⑧ 福祉用具貸与又は特定福祉用具販売のサービスを必要とする理由
[理由]福祉用具については、利用者の心身の状況に合わない福祉用具が提供されることで自立を妨げてしまうおそれもあり、自立支援の観点から、適切な福祉用具が選定され利用されるように、福祉用具を必要とする理由を把握することが重要である。

3 第3表:「週間サービス計画表」
① 「主な日常生活上の活動」
[理由]利用者の起床や就寝、食事、排泄など主要な日常生活に関する活動を明らかにし、対応するサービスとの関係がわかるようにする。

Ⅴ 「サービス利用票(兼居宅サービス計画)」について
居宅介護支援事業者は、Ⅳに定める「居宅サービス計画書」において作成された居宅サービス計画の内、保険給付対象内のサービスについては、サービスの実績管理(給付管理票の作成)を月を単位として行い、その結果を国民健康保険連合会に提出するという、一連の「給付管理業務」を行うこととなる。
また、「居宅サービス計画」に位置づけた指定居宅サービス等は、保険給付の対象となるかどうかを区分した上で、当該居宅サービス計画の内容について利用者又はその家族に対して説明し、文書により同意を得なければならないとしており、「給付管理業務」が月を単位として行われるため、当該「居宅サービス計画の説明及び同意」についても月毎に確認を要することとなる。
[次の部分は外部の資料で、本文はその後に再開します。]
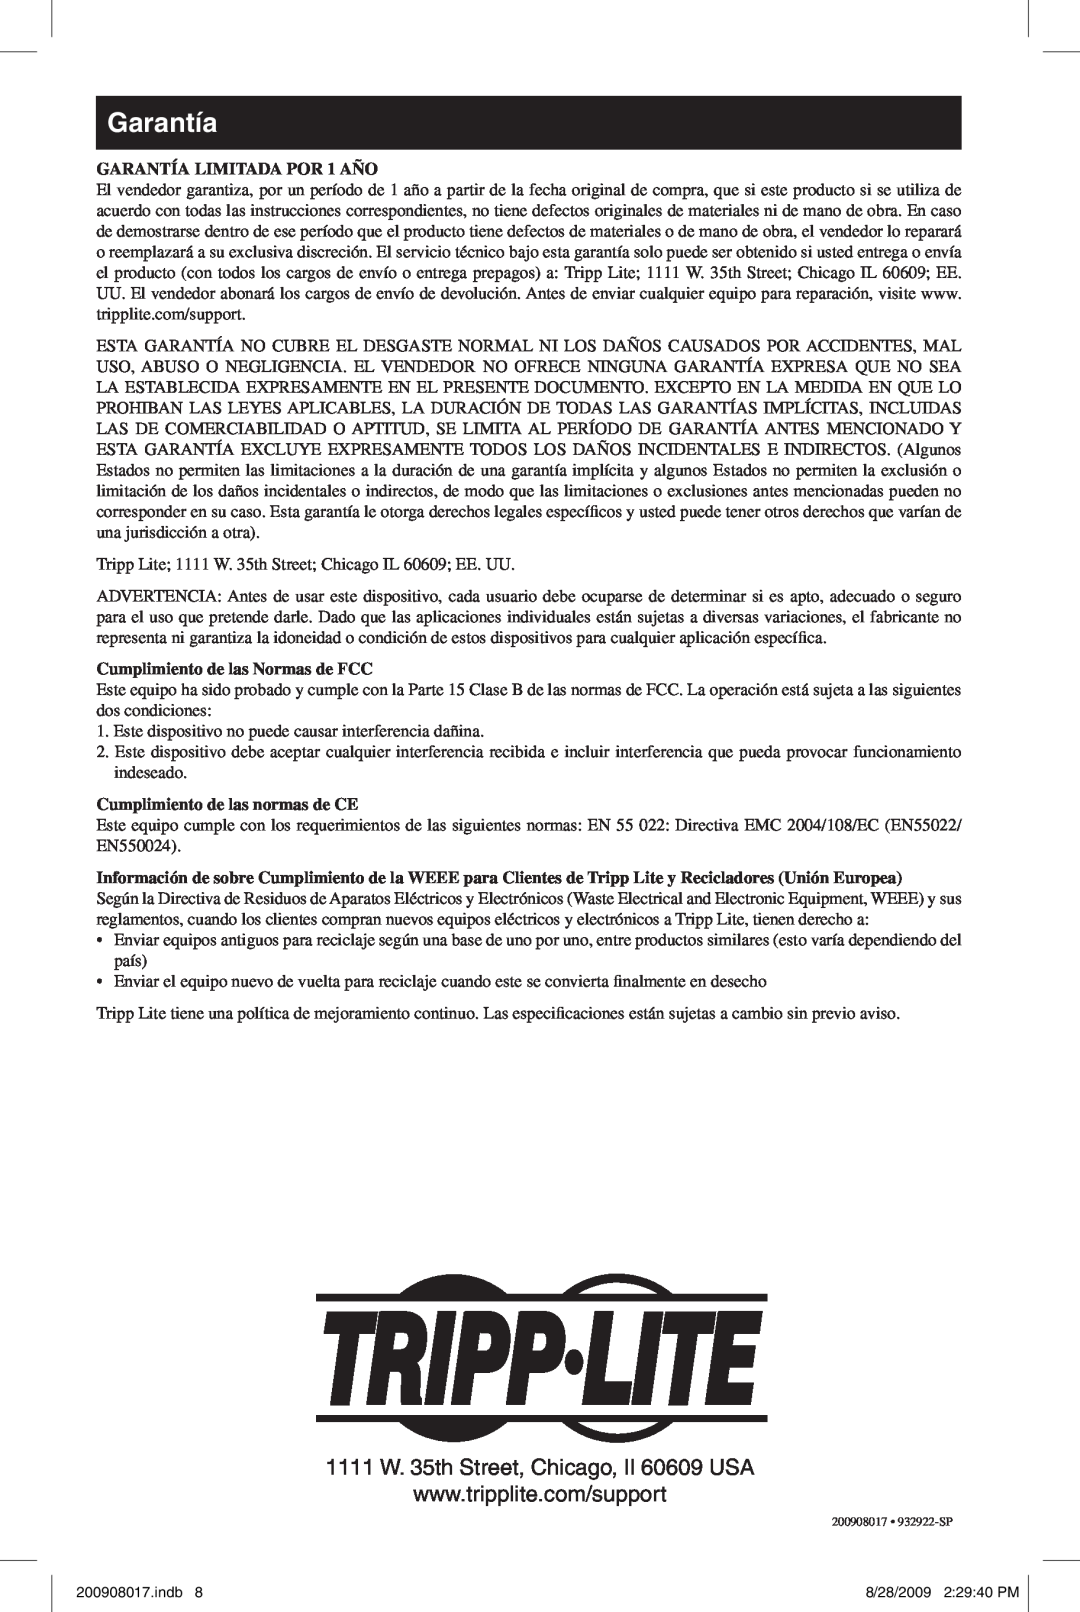 Tripp Lite U230-204-R warranty Garantía, GARANTÍA LIMITADA POR 1 AÑO, Cumplimiento de las Normas de FCC

このため、Ⅳに定める「居宅サービス計画書」のうち上記内容を踏まえ月毎単位で作成するのが「サービス 利用票(兼居宅サービス計画)」である。
なお、利用者に「居宅サービス計画の説明及び同意」を得るにあたっては、当該「居宅サービス計画書」の第1表から第3表まで、第7表及び第8表を提示しなければならない。